INSTRUMENTS TO MEASURE PRESENTEEISM
The number of studies which describe instruments to analyze loss of productivity due to presenteeism or absenteeism is growing20,27. Using reliable validated instruments represents a significant step forward in the study of this problem, as well as to develop interventions18,28,29.

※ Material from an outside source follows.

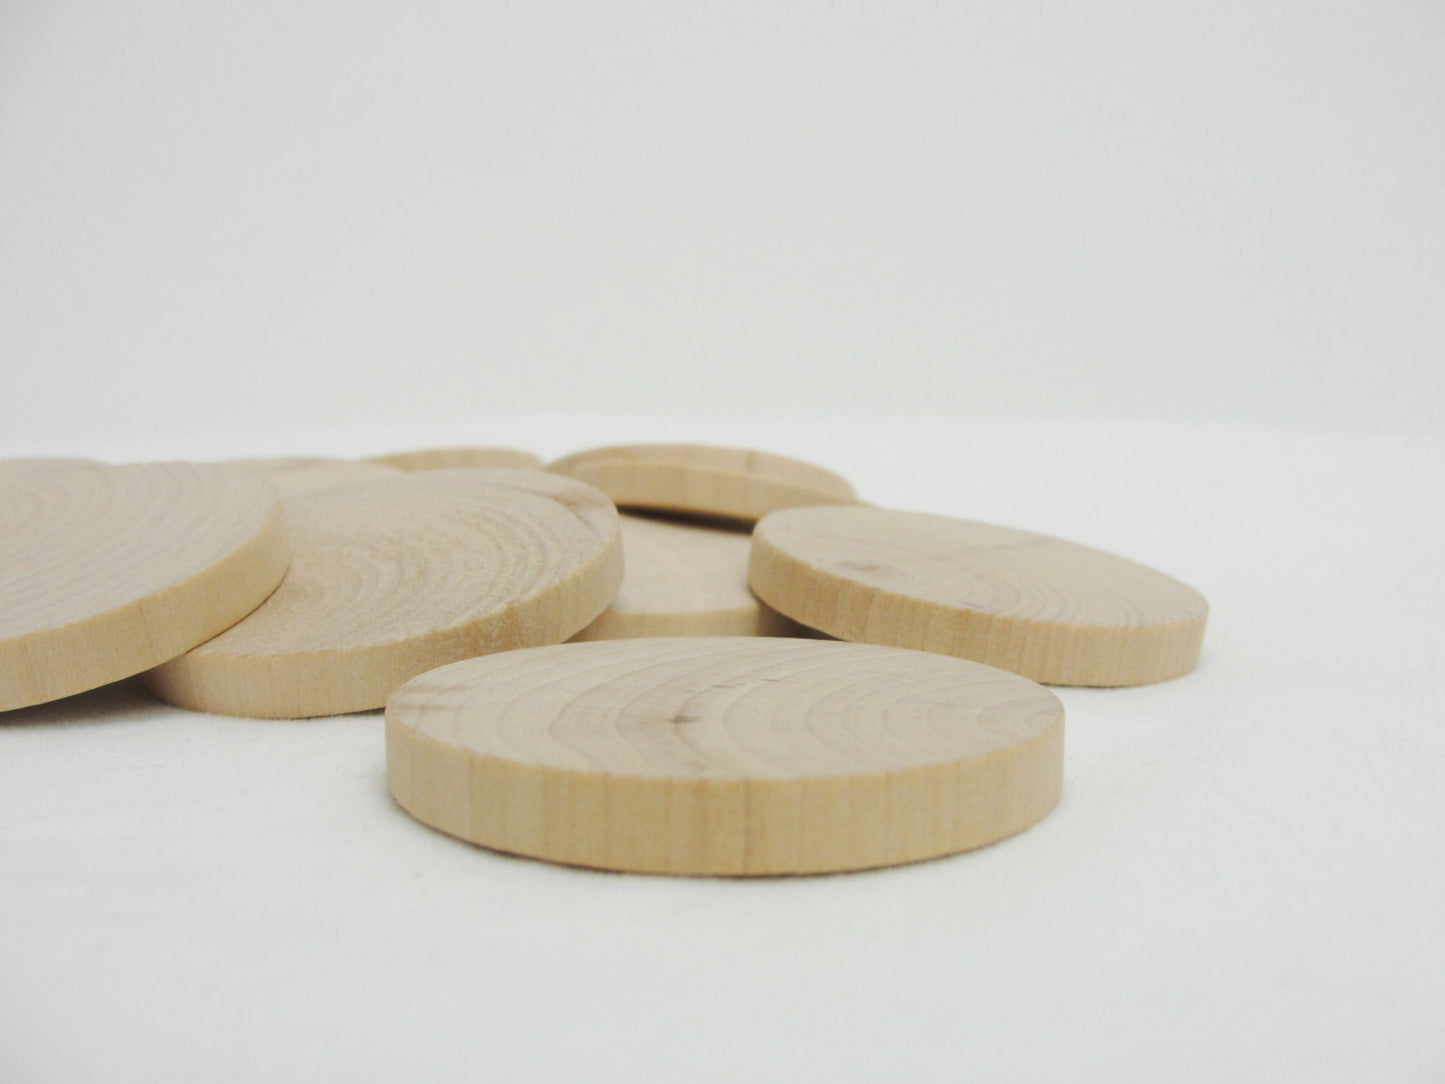 Wood Circles wooden discs 1 1/2" x 3/16" thick unfinished DIY

Forty studies analyzed the quality of 21 instruments to measure presenteeism. The results indicate that only three exhibit strong levels of evidence, to wit, the Endicott Work Productivity Scale (EWPS), the Health and Work Questionnaire (HWQ) and the Stanford Presenteeism Scale (SPS-6)4,30,31.
EWPS is a short self-reported questionnaire that affords a high sensitivity measure of productivity. The global score is calculated based on the frequency of behaviors, subjective feelings and attitudes at work along the previous week. The global score was considered to be reliable and valid for a group of outpatients with depression and a sample from the general population. It is easy to administer, short and has adequate sensitivity to assess impacts on performance at work32.

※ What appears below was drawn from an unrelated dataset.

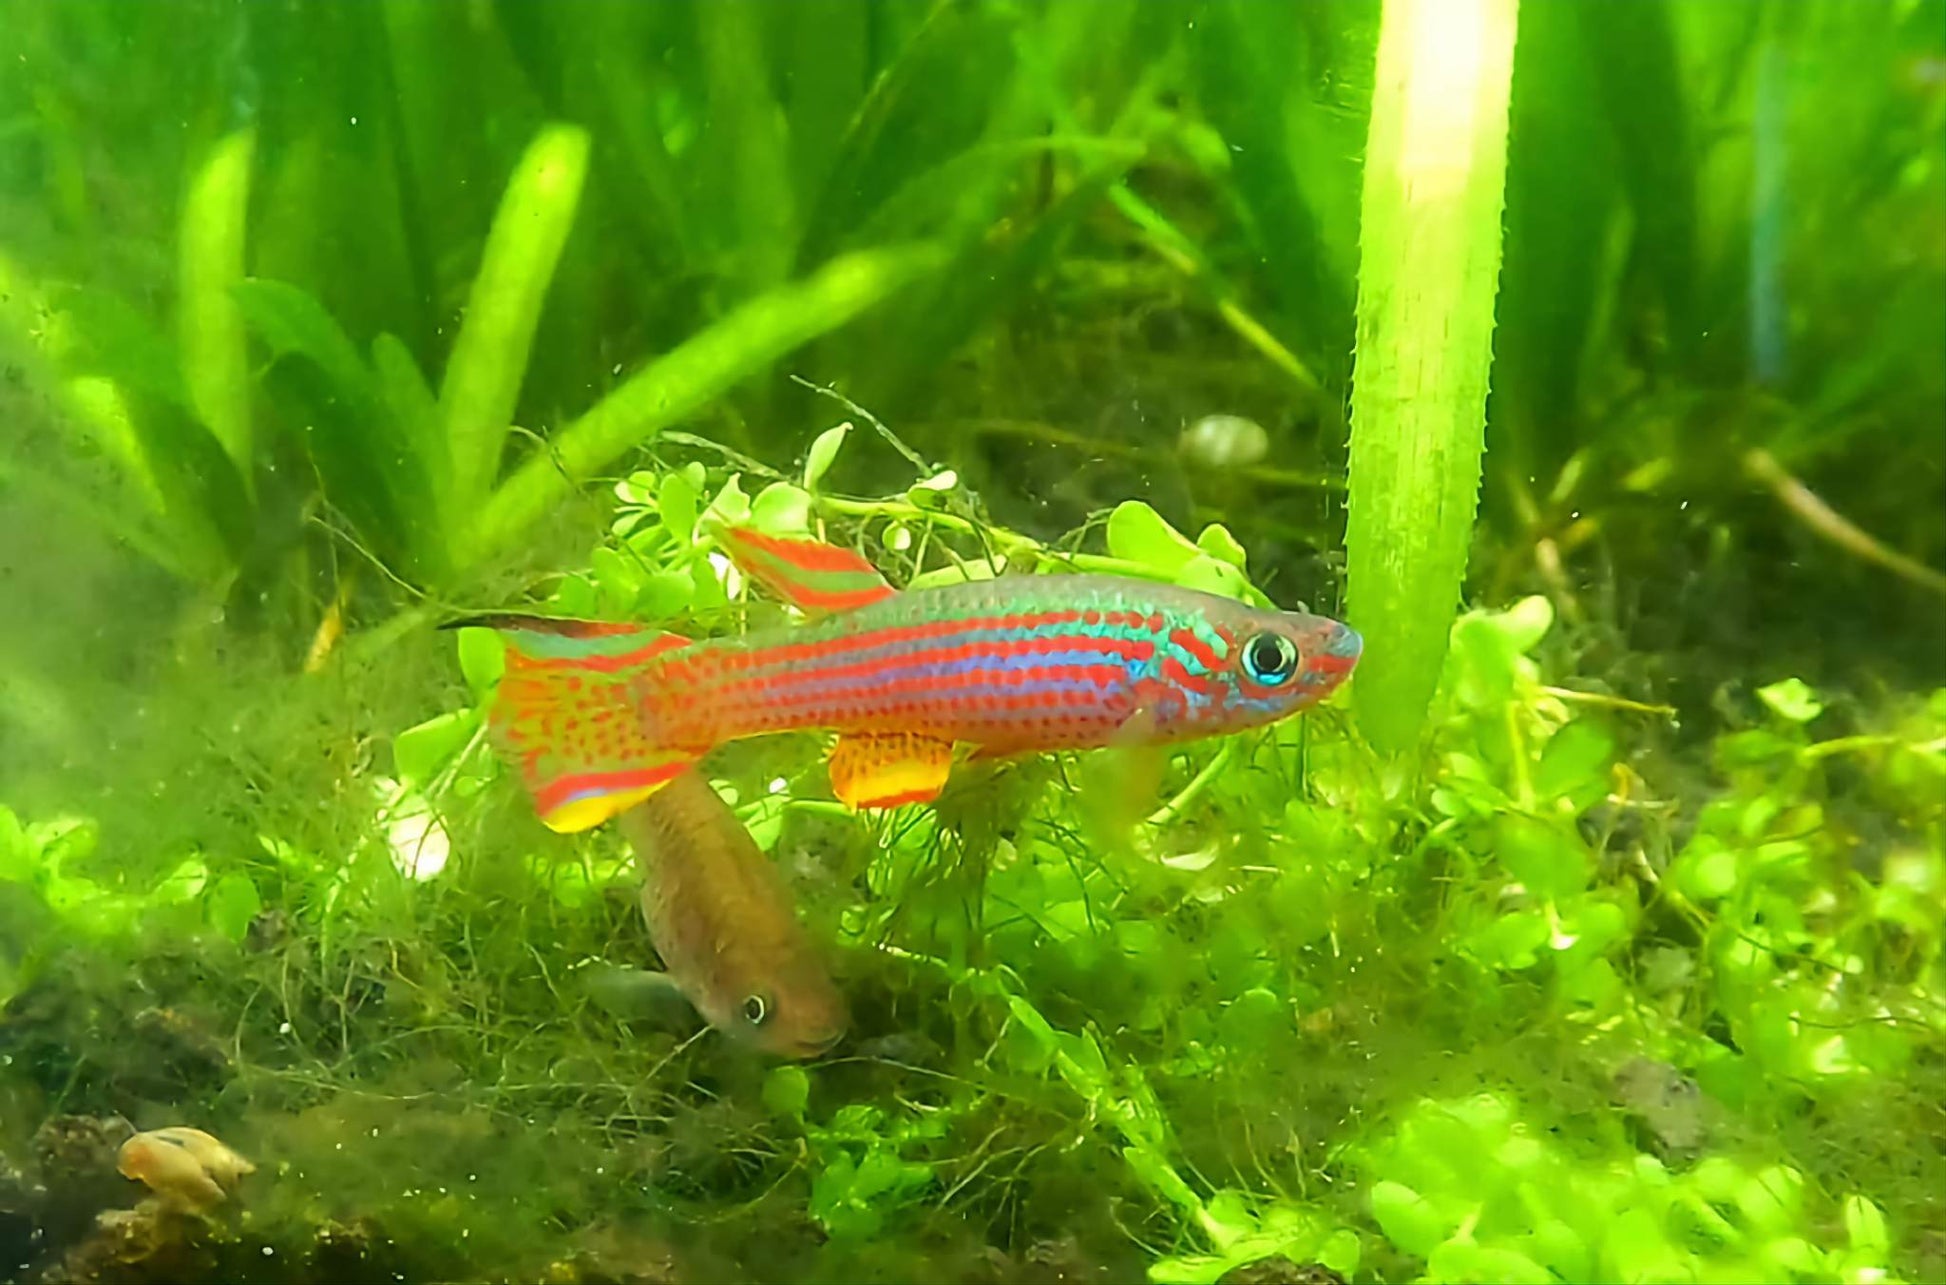 A vivid Aphyosemion striatum Lambaréné, or Red Striped Killifish, swimming in a lushly planted aquarium. The killi's iridescent blue body with striking red stripes and dots stands out against the green backdrop of aquatic plants and moss, creating a dynamic and natural underwater scene.

HWQ is a 30-item questionnaire that analyzes performance at work in the previous week based on the respondents, supervisors and coworkers’ assessment. The instrument comprises six subscales (productivity, concentration/focus, supervisor relationships, non-work satisfaction, work satisfaction and impatience/irritability) and three single items (stress, job control and ability to finish work on time). Lower scores indicate better productivity33.

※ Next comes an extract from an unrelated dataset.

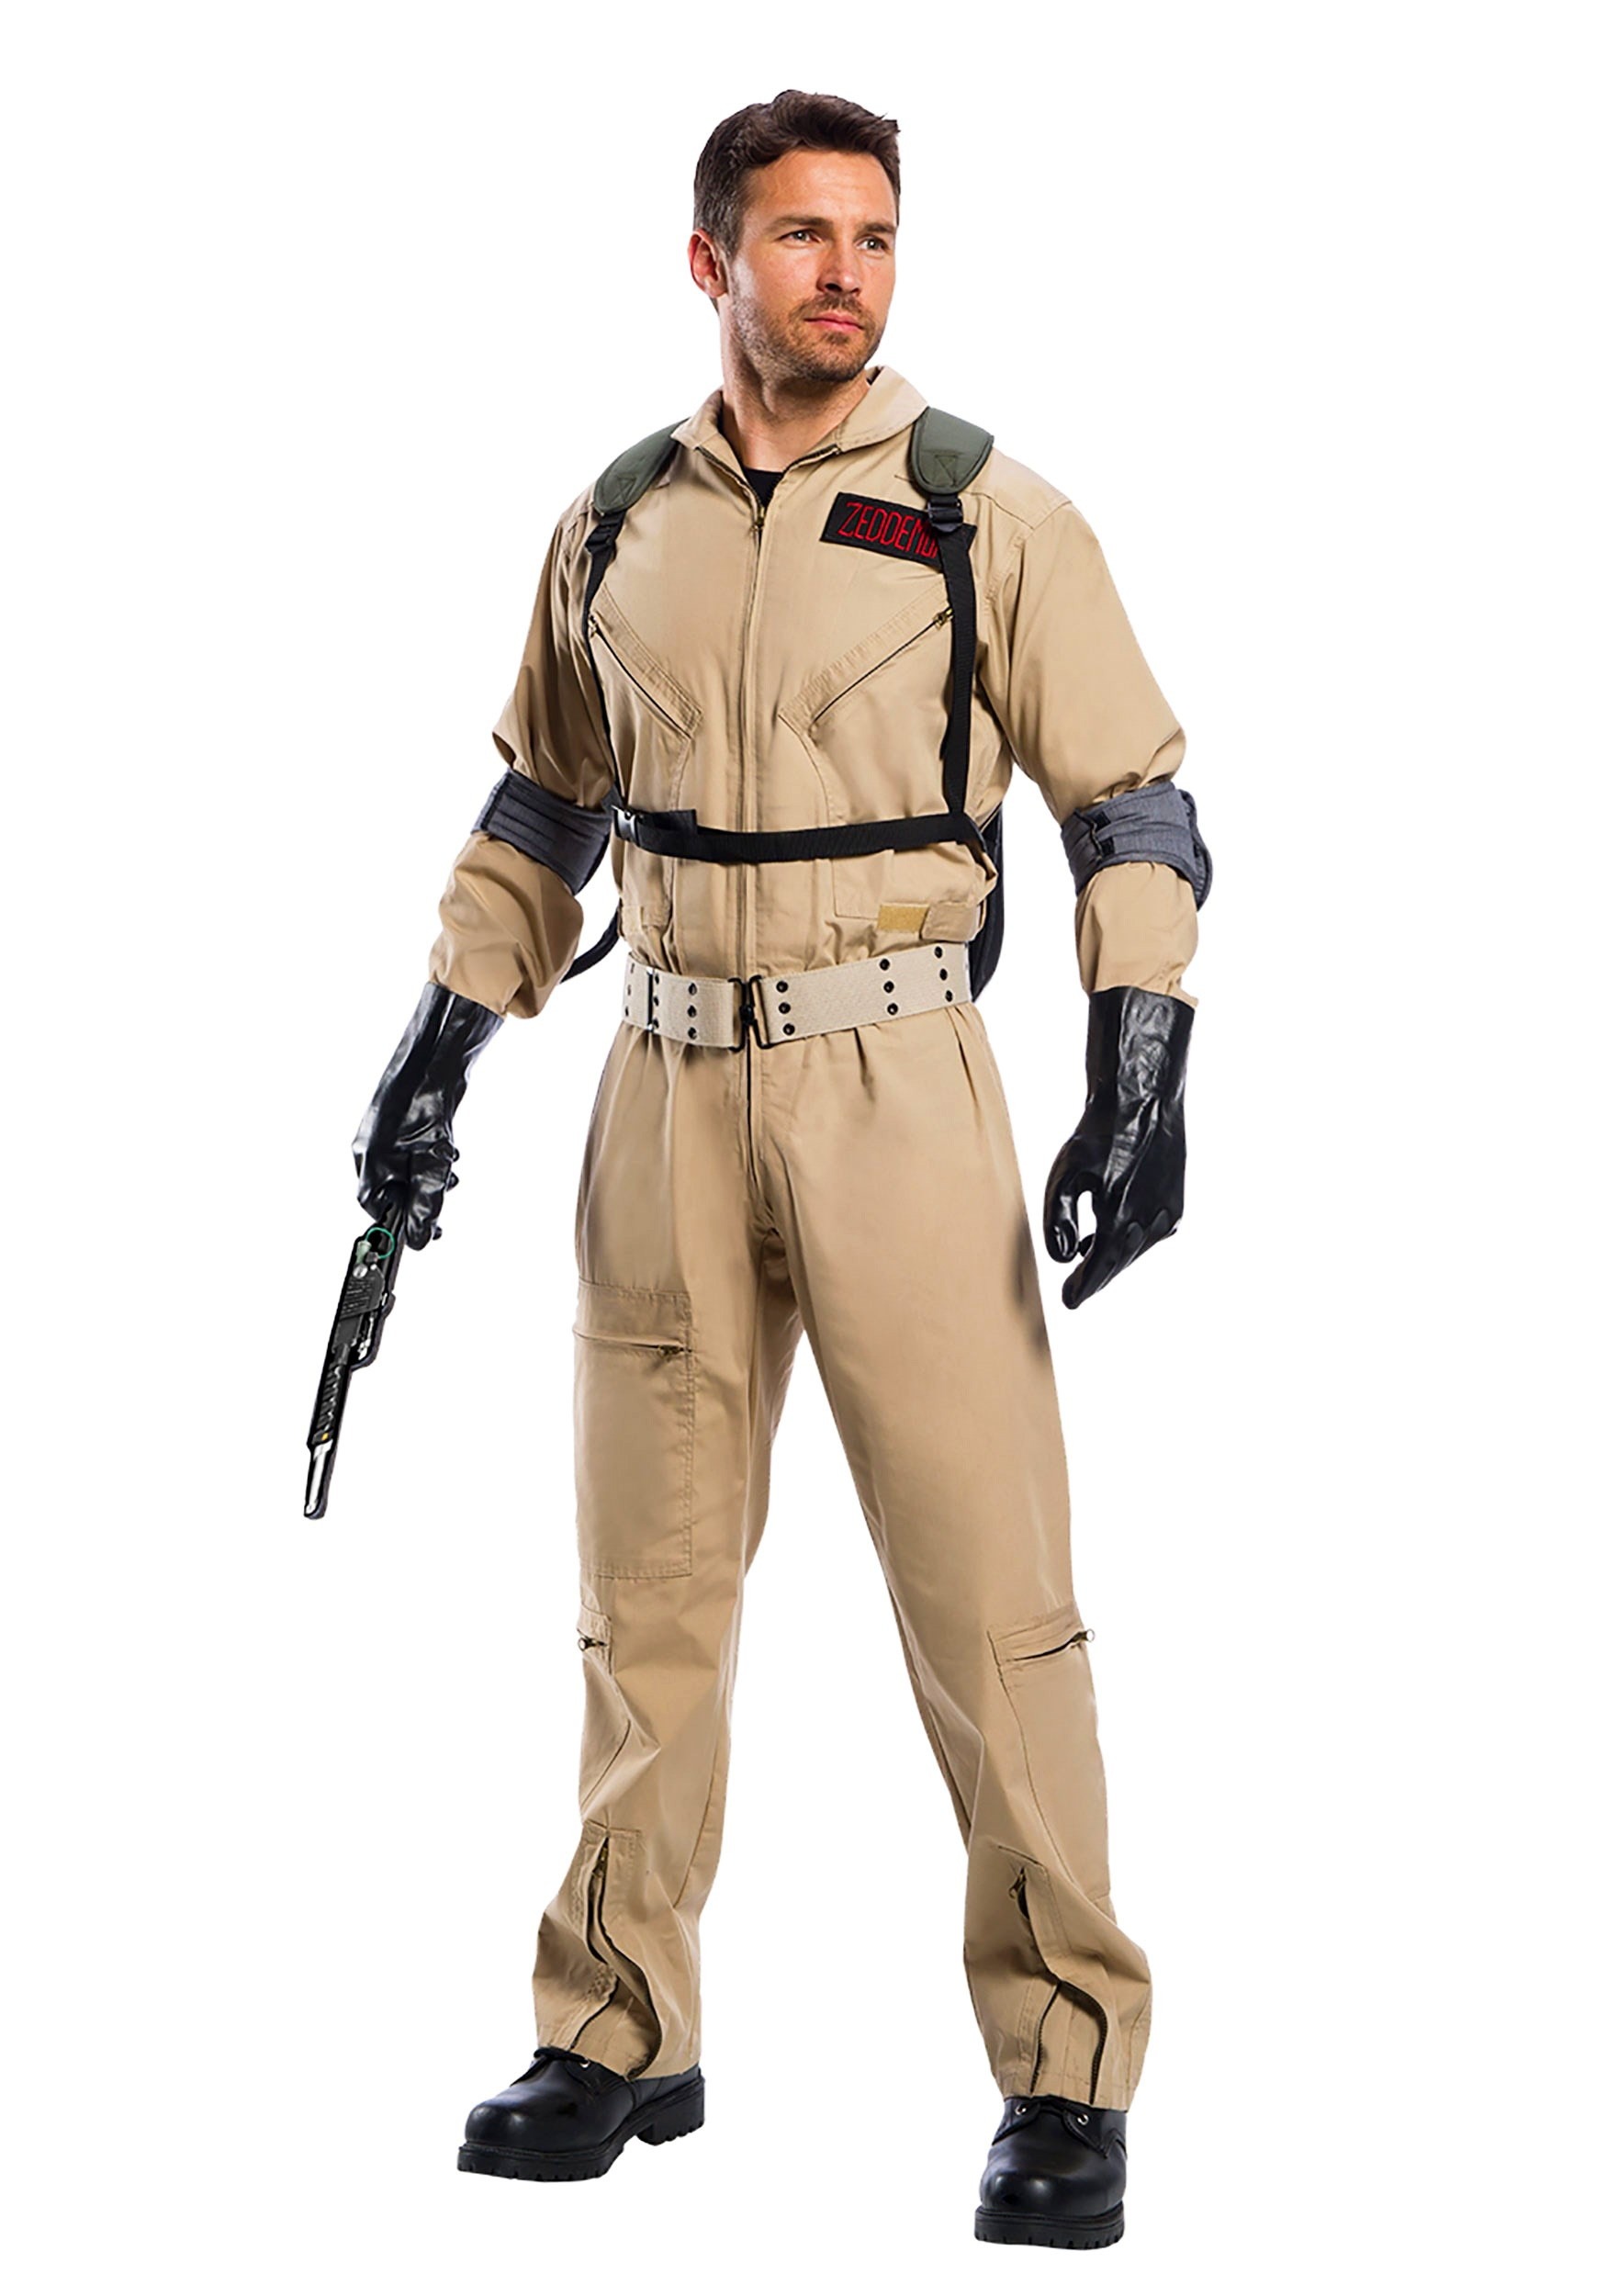 Premium Ghostbusters Costume for Adults

SPS-6 is widely used to investigate characteristics of presenteeism and was validated for use in Portugal and Brazil. The focus of this instrument is on the relationship between presenteeism, productivity and health problems30,31,22,33,34. While it exhibits strong internal consistency and structural validity, hypothesis testing and criterion validity are just moderate34. This scale comprises 6 items responded on a Likert scale with scores ranging from 1 (strongly disagree) to 5 (strongly agree); the global score ranges from 6 to 308,29,34,35. A self-report questionnaire, respondents are requested to describe their degree of agreement with statements relative to the impact of health on work. The scale measures the ability of respondents to concentrate and perform their tasks when when sick, i.e. finishing work and avoiding distractions. SPS-6 seems to be the most widely used instrument for being easy to administer and efficacious34.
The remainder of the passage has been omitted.